3) Arkeolojik Antropoloji (ya da daha yalın bir tabirle Arkeoloji): tarih öncesi çalışmaları kapsar ve insan davranışı ve kültürel örüntüleri maddi kalıntılar aracılığıyla yeniden inşa eder, betimler, yorumlar. Tarih öncesi devirleri kendisine konu edinmiş olan Arkeoloji bu devirlerin sırasını ve gelişimini inceler. Bu incelemelerde bazı devrelerde sadece kazılarla ele geçirilmiş, malzemeye dayanarak insan kültürü saptanır. Bazen yazılı dokümanlar da yardımcı olur bu saptamaya. Maddesel kültürü bu yönüyle incelemek son derece önemli ve gereklidir. Çünkü modern sanatın ve teknolojinin gelişimini anlamaya başka türlü olanak yoktur.

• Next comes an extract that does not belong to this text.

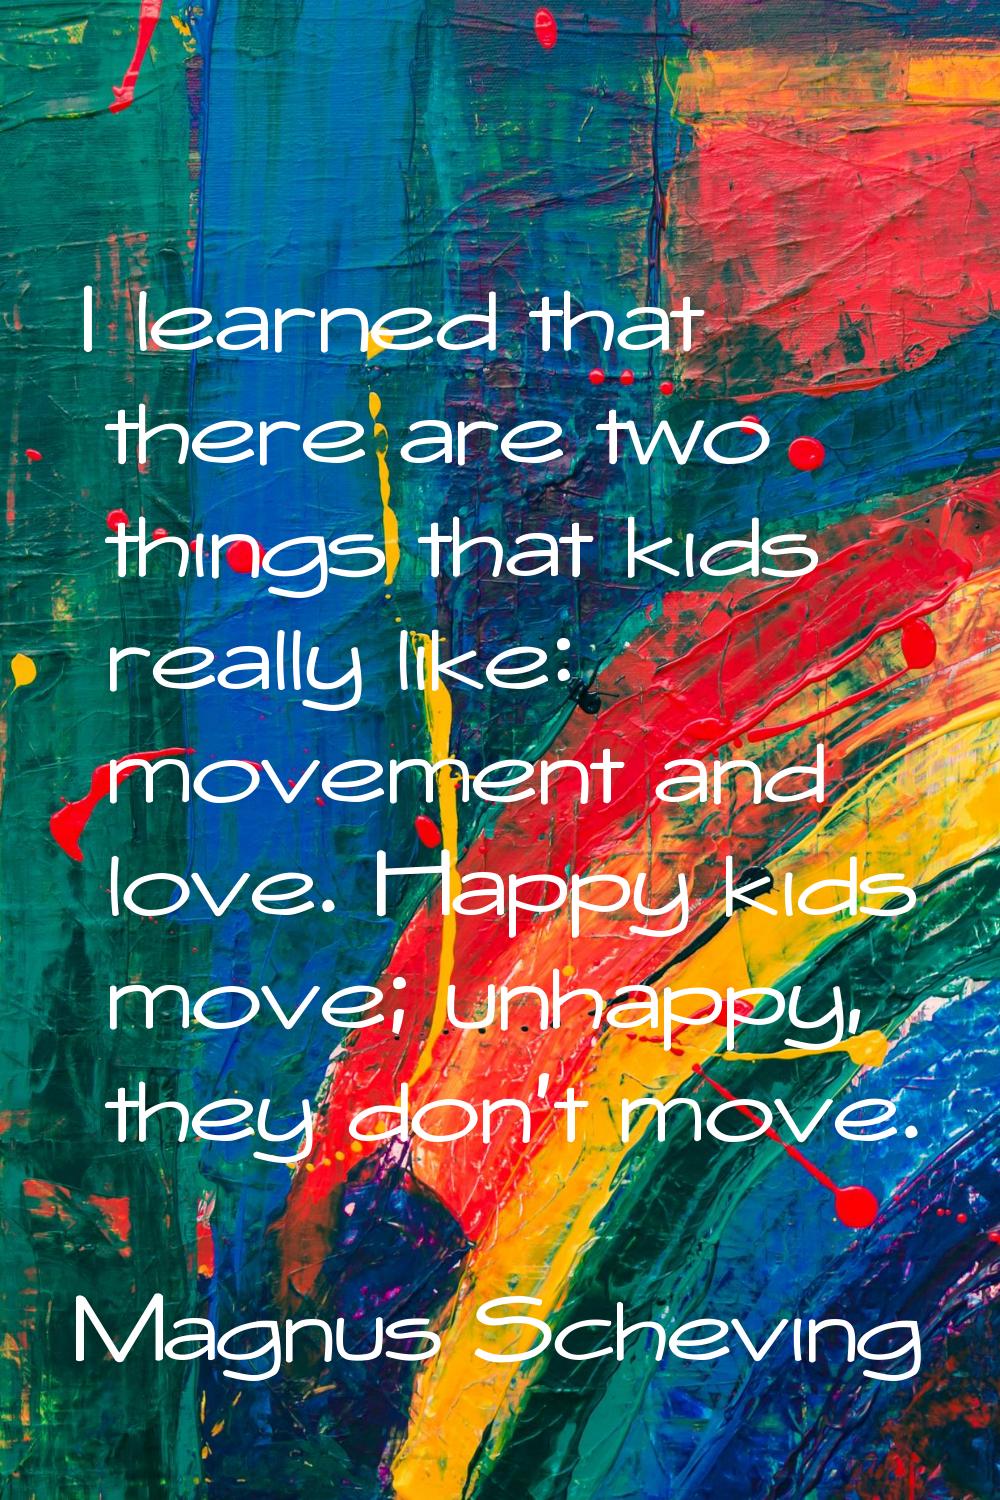 I learned that there are two things that kids really like: movement and love. Happy kids move; unha

4) Linguistik (Dil Bilim): İnsana özgü haberleşme ve ifade etme sistemlerinin incelenmesi olarak bilinir lakin genellikle dil-lisan üzerinde çalışmalarını yoğunlaştırmıştır. Hominidlerin tam olarak ne zaman konuşmaya başladığını dil-mekan-zaman bağlamında sosyo-kültürel yönde araştırır. Çeşitli dilleri karşılaştırmalı olarak inceleyen bu bilim, toplumların nasıl birbirleriyle ilişkili olabilecekleri konusuna da ışık tutar.